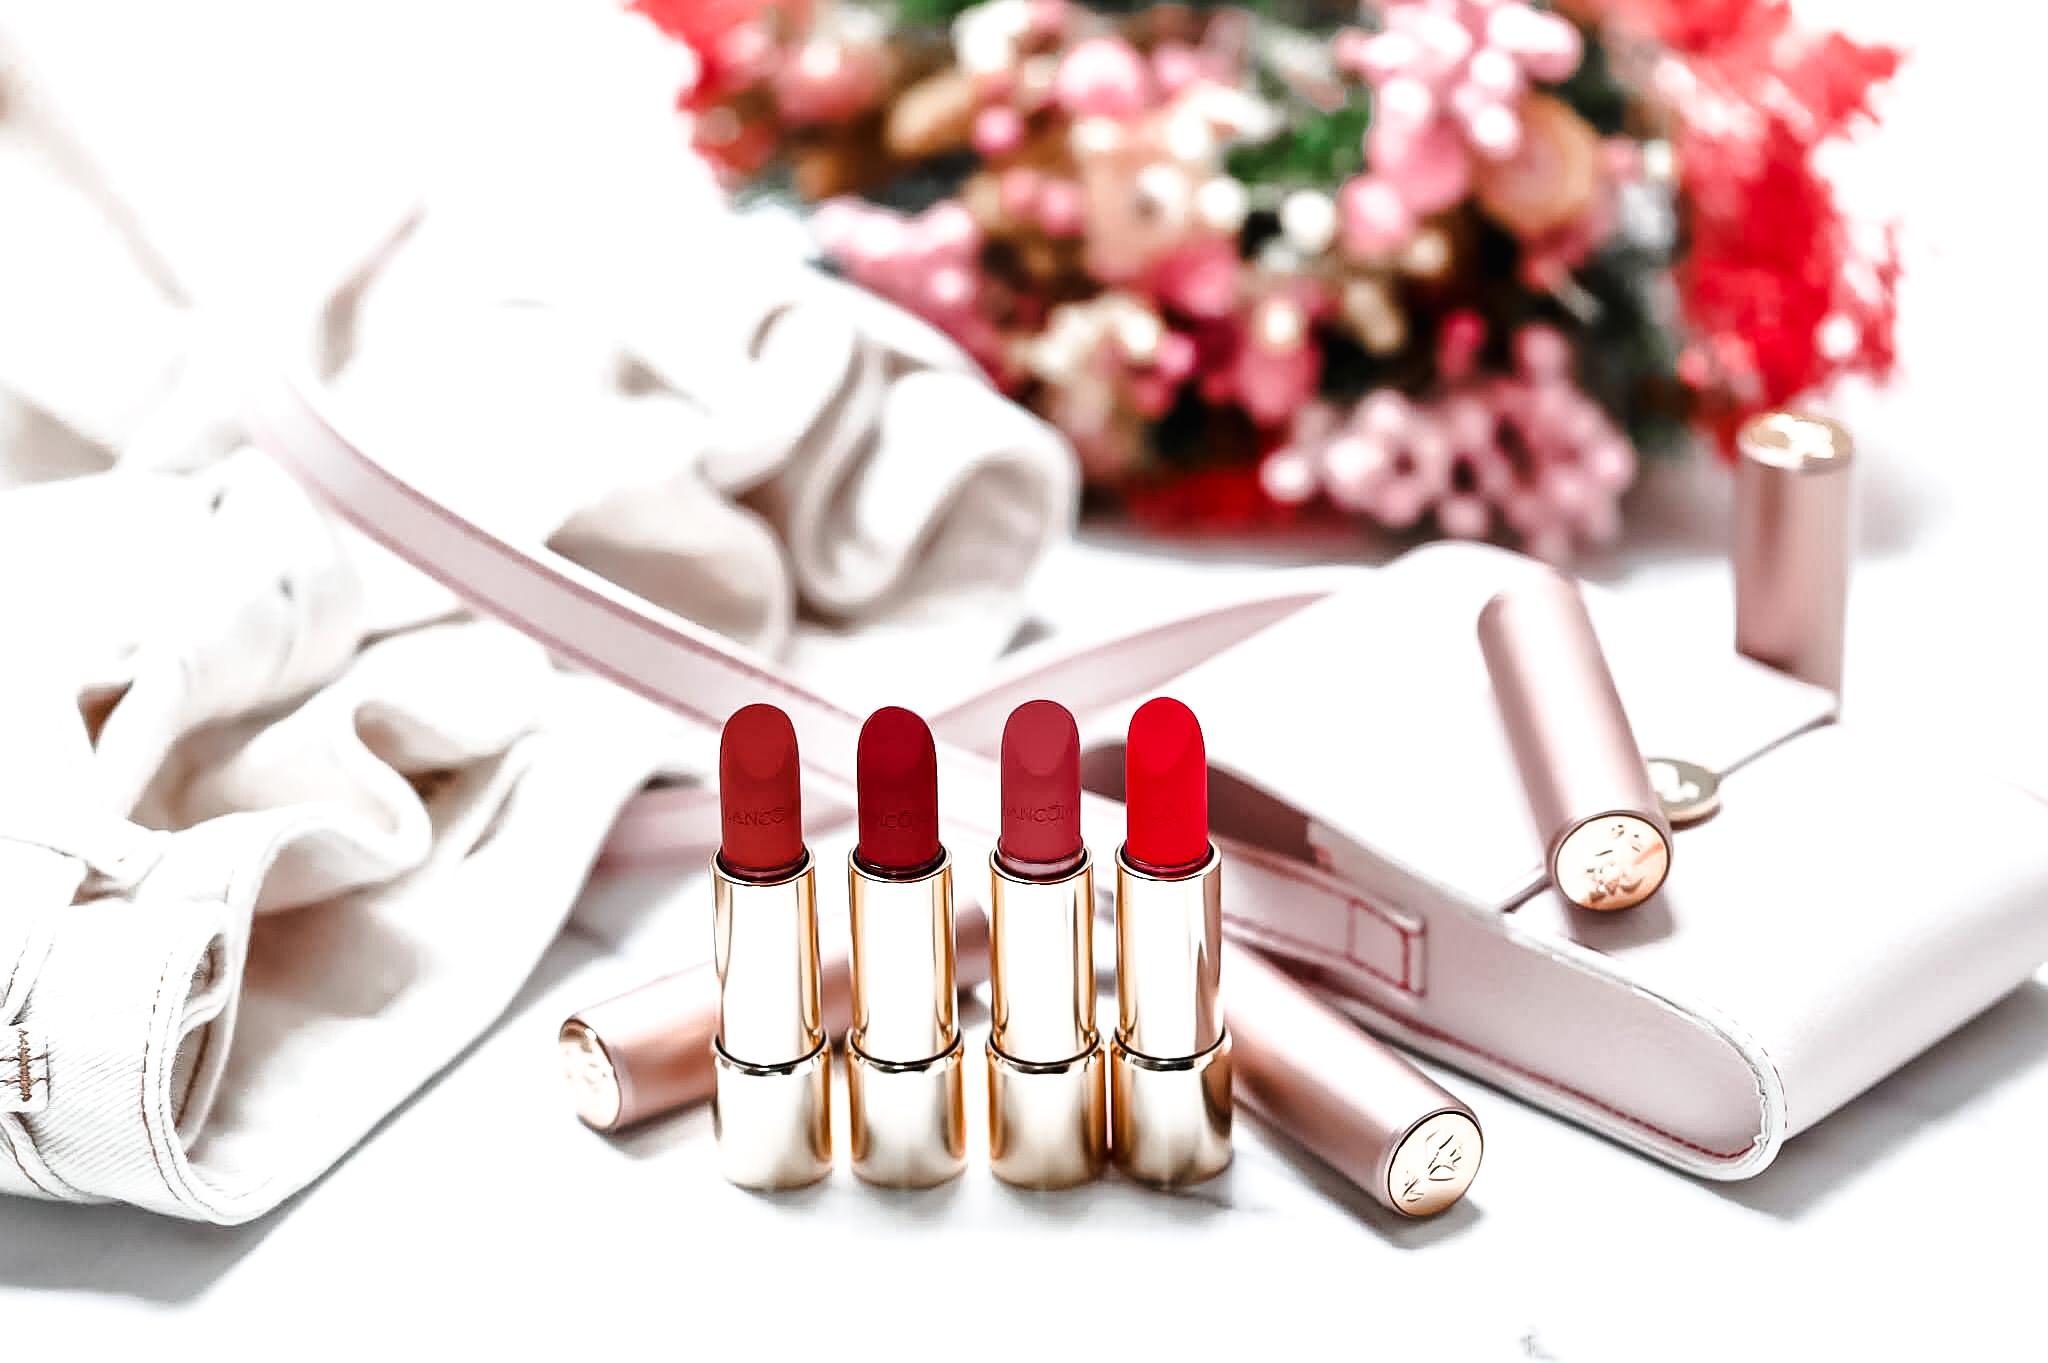 Lancôme Labsolu rouge intimatte 130 not flirting 274 killing-me-softly 196 pleasure firt 169 love rendez vous swatch
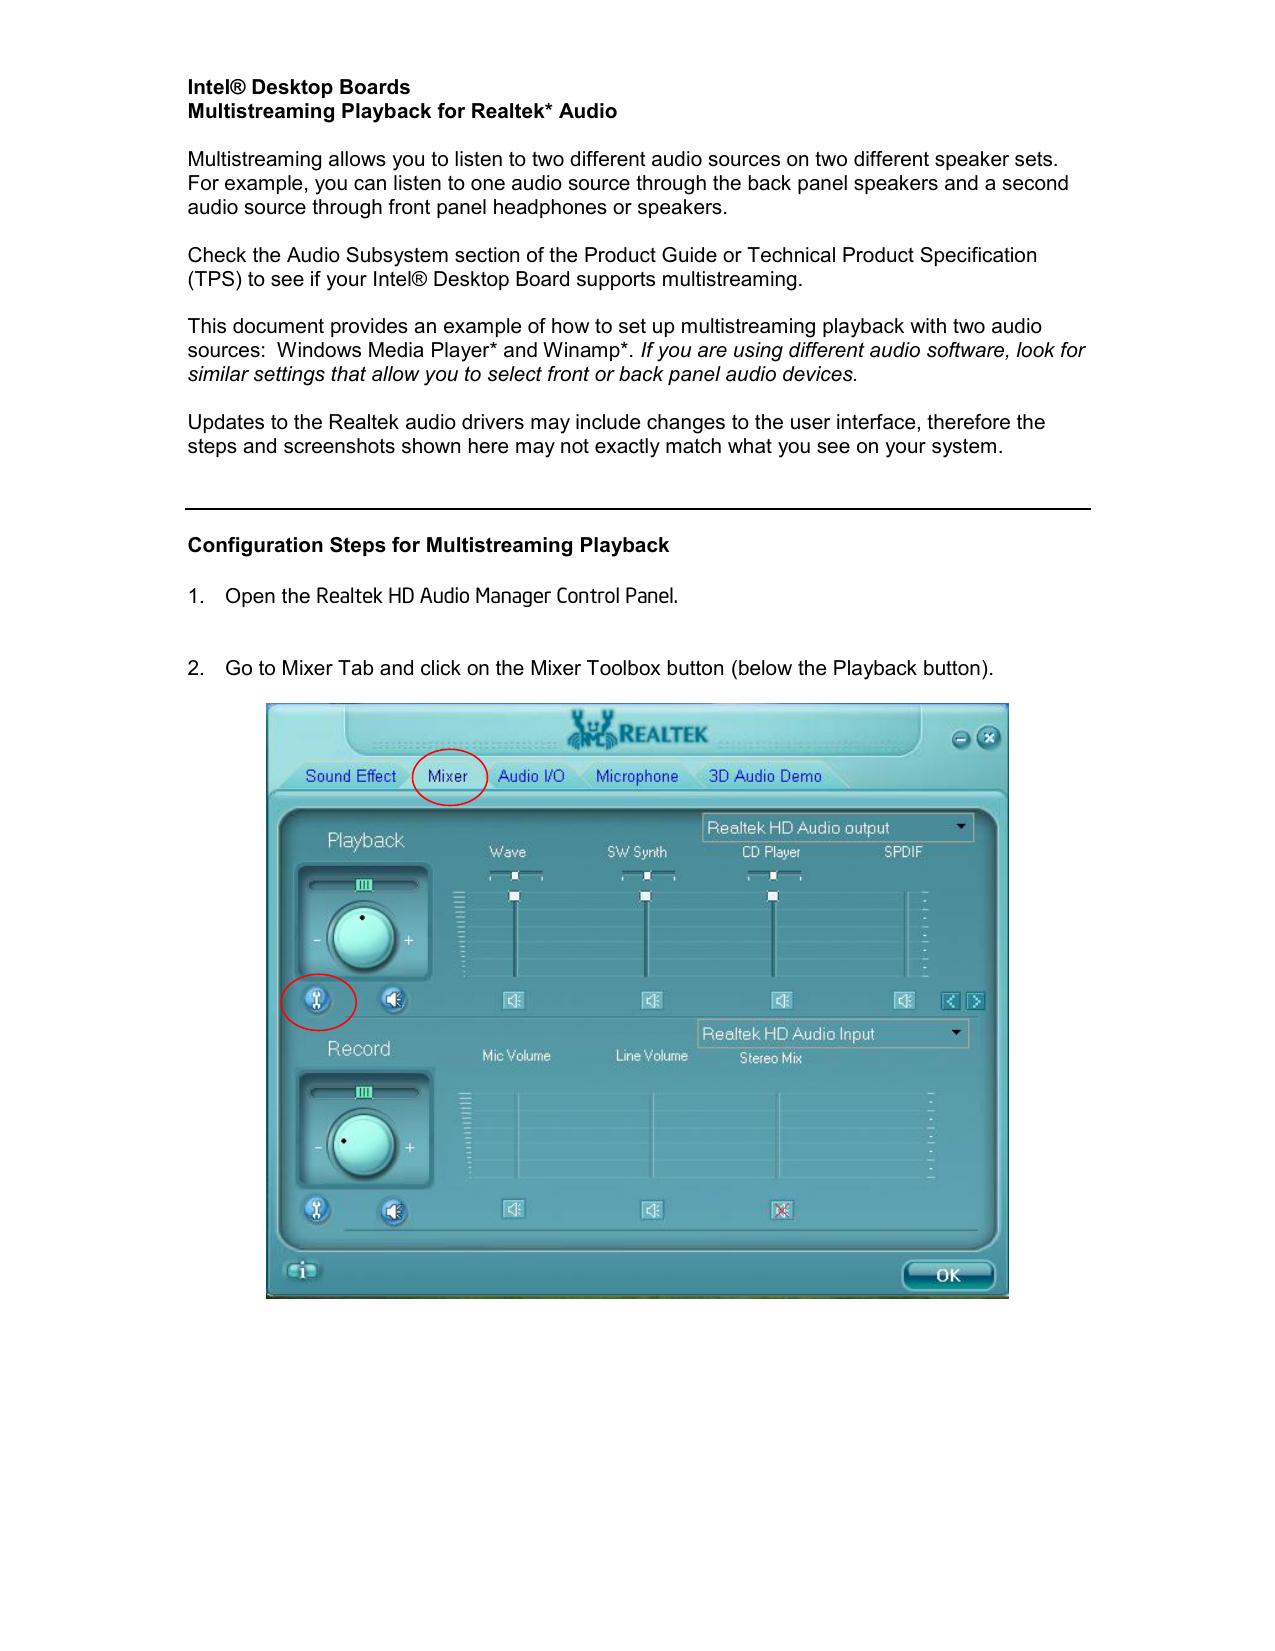 Intel® Desktop Boards Multistreaming Playback for Realtek
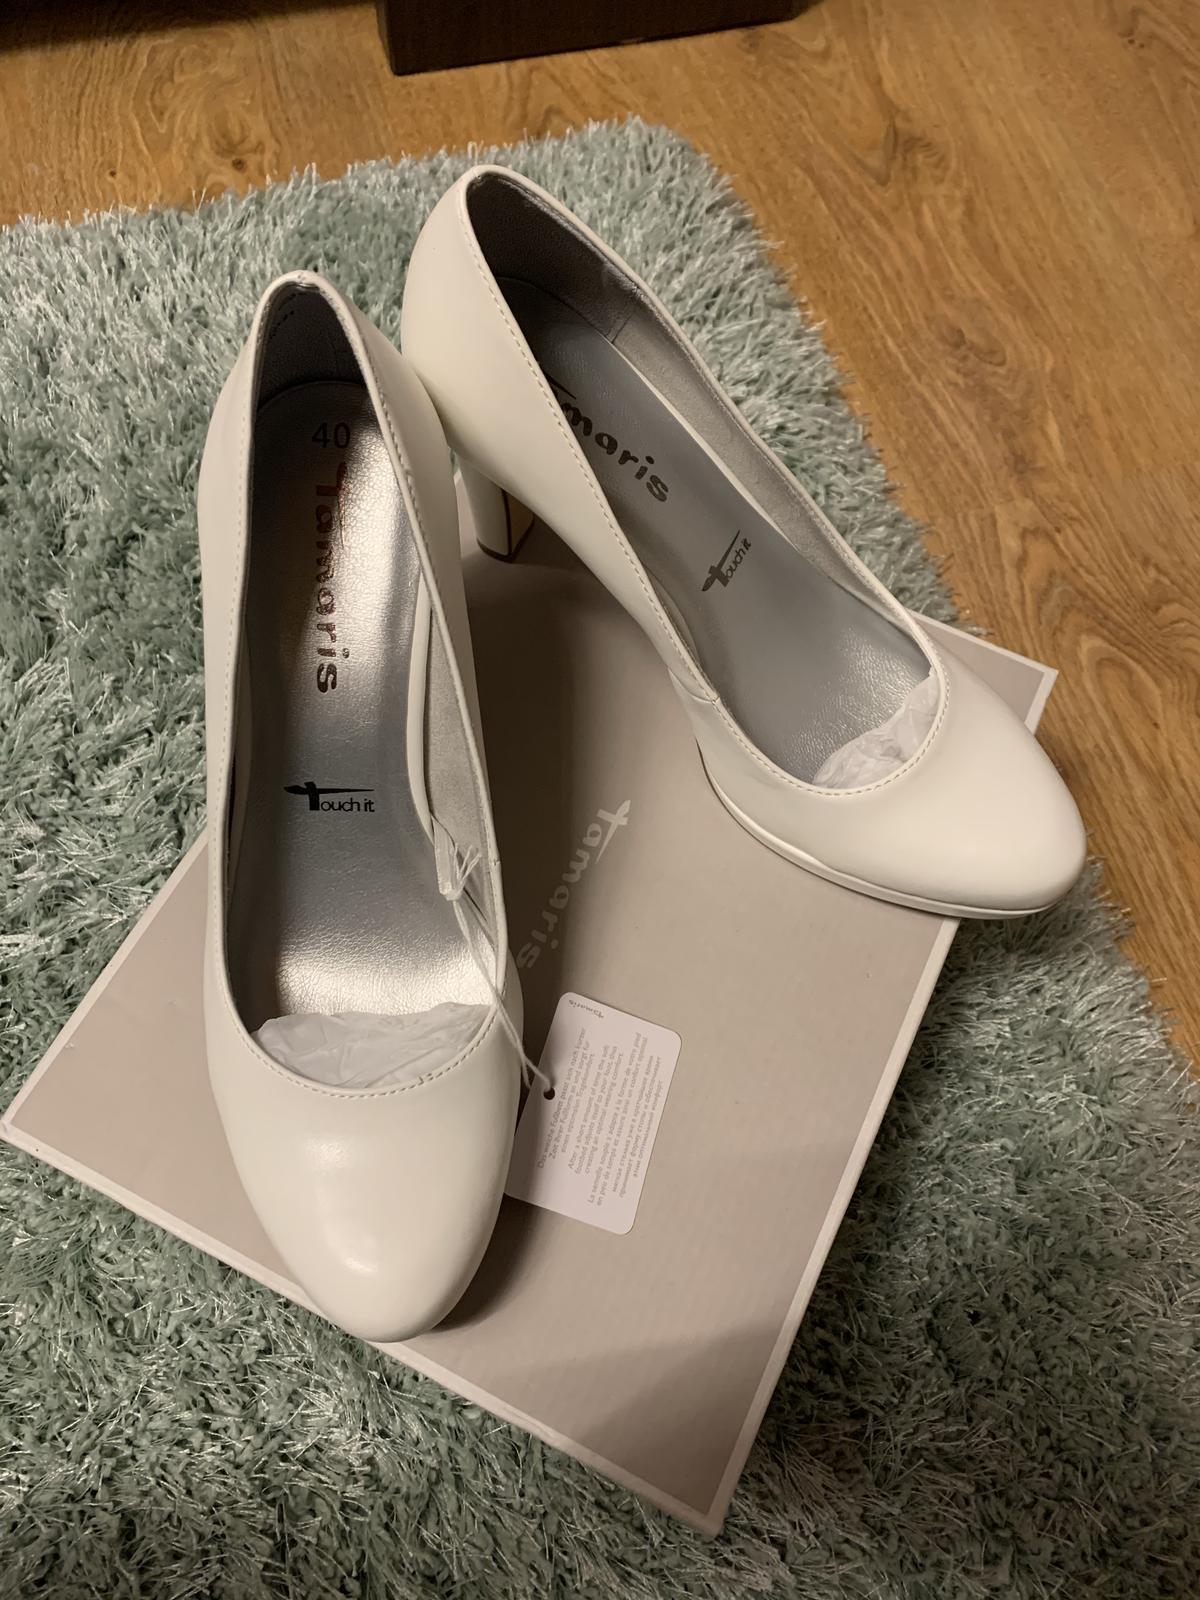 Svadobné topánky Tamaris - Obrázok č. 3

**TASK REQUIREMENTS**
The expected output is the full data above, reproduced exactly with no images.

**FINISHED EXERCISE**
 Lancôme Labsolu rouge intimatte 130 not flirting 274 killing-me-softly 196 pleasure firt 169 love rendez vous swatch
 Intel® Desktop Boards Multistreaming Playback for Realtek
 Svadobné topánky Tamaris - Obrázok č. 3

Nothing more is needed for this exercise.